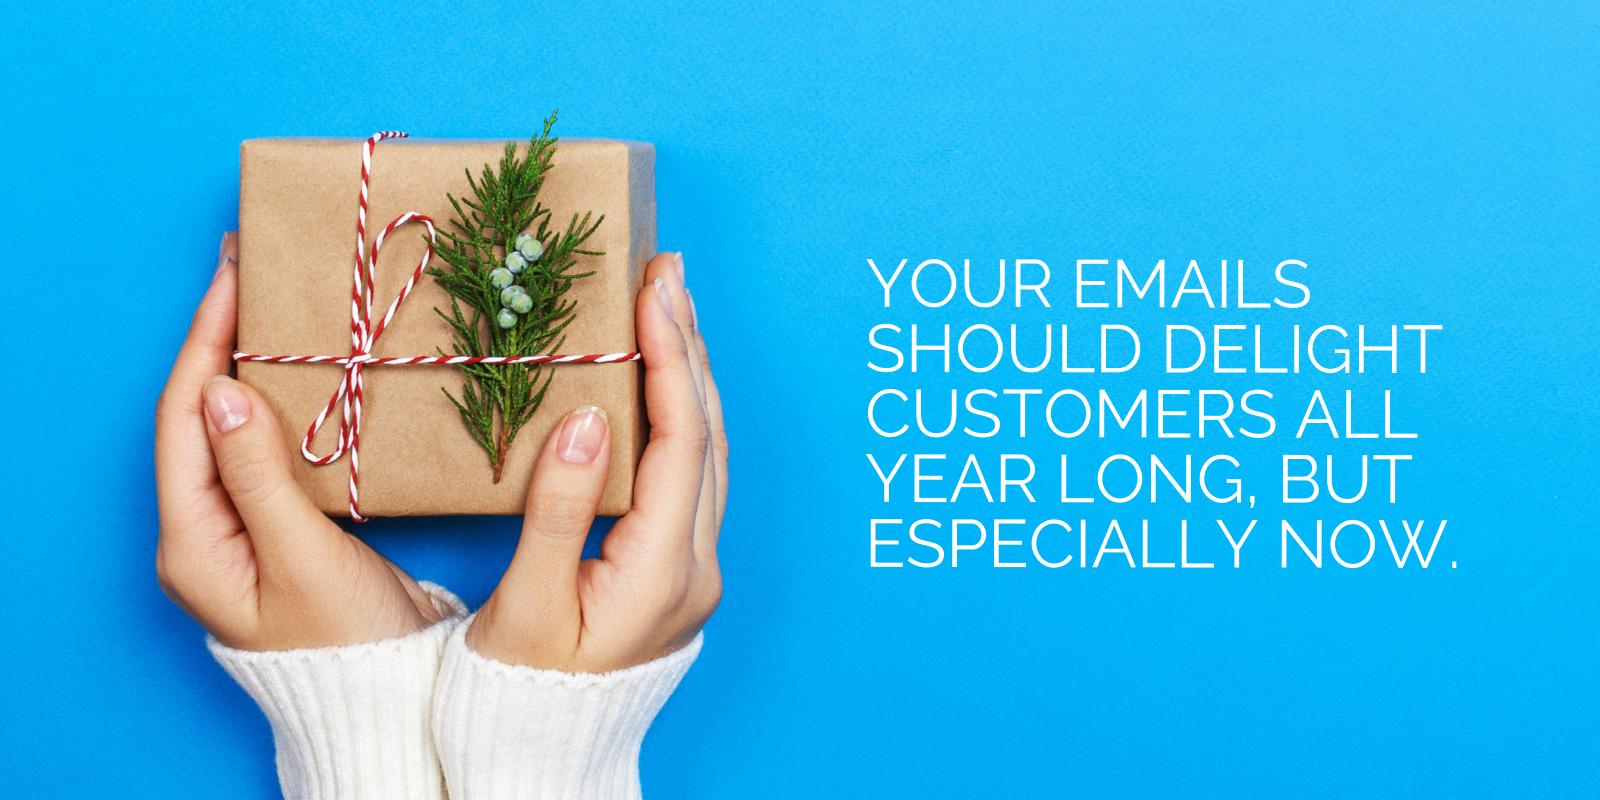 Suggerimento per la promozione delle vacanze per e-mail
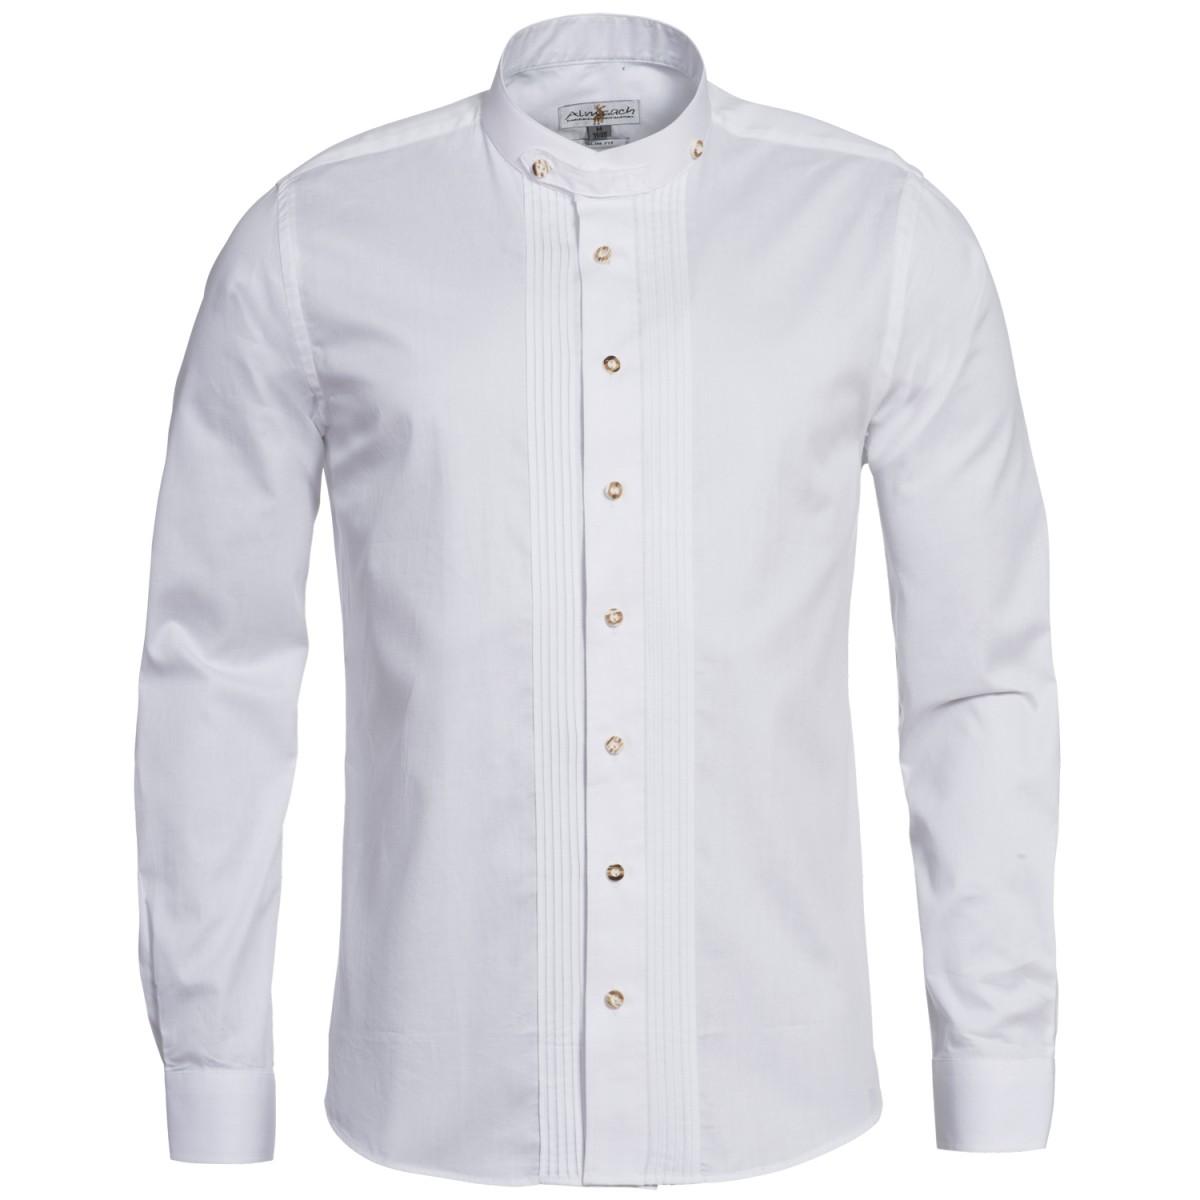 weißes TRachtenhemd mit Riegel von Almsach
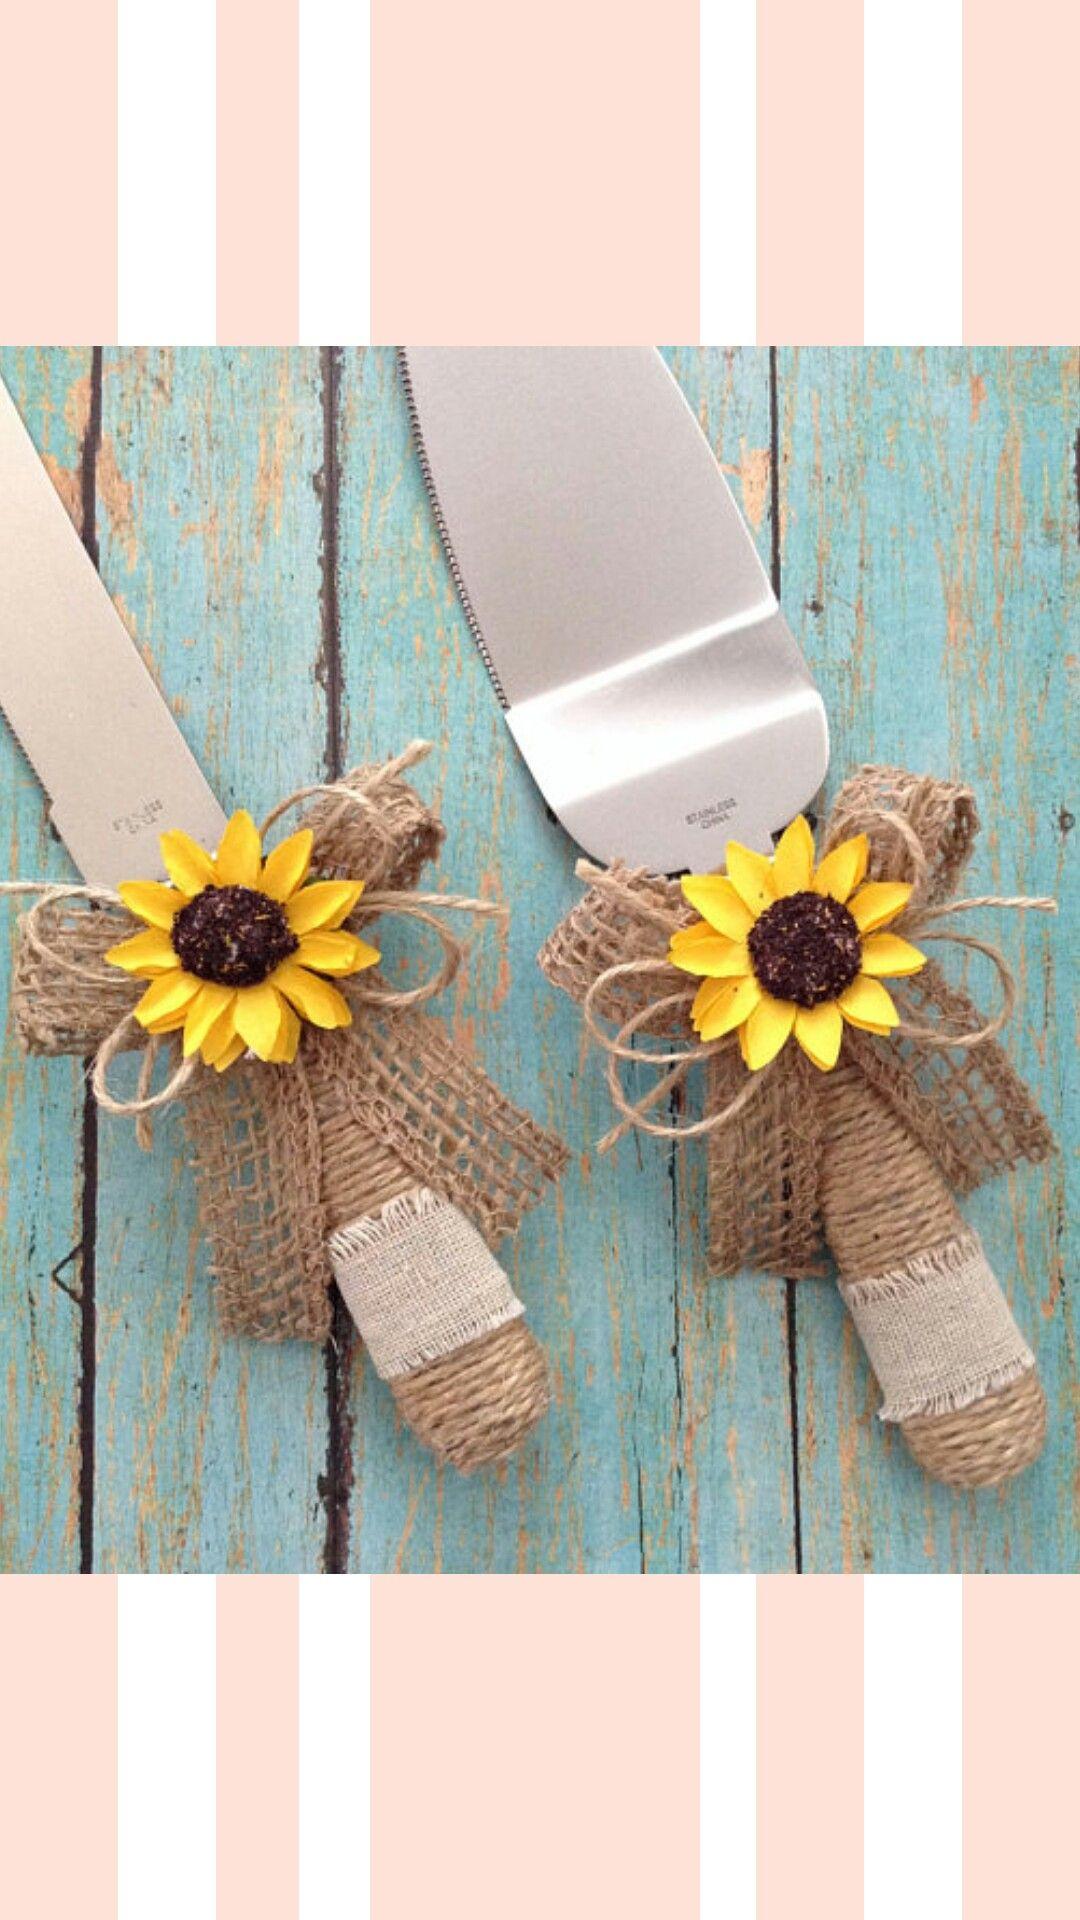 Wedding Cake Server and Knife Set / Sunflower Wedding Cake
* * * * * * * * *
Print exactly, and only, the lines from the one with "weißes TRachtenhemd mit Riegel von Almsach" through the last line of the listing above. No pictures belong in the copy.

* [Answer to this exercise]:
 weißes TRachtenhemd mit Riegel von Almsach
 Wedding Cake Server and Knife Set / Sunflower Wedding Cake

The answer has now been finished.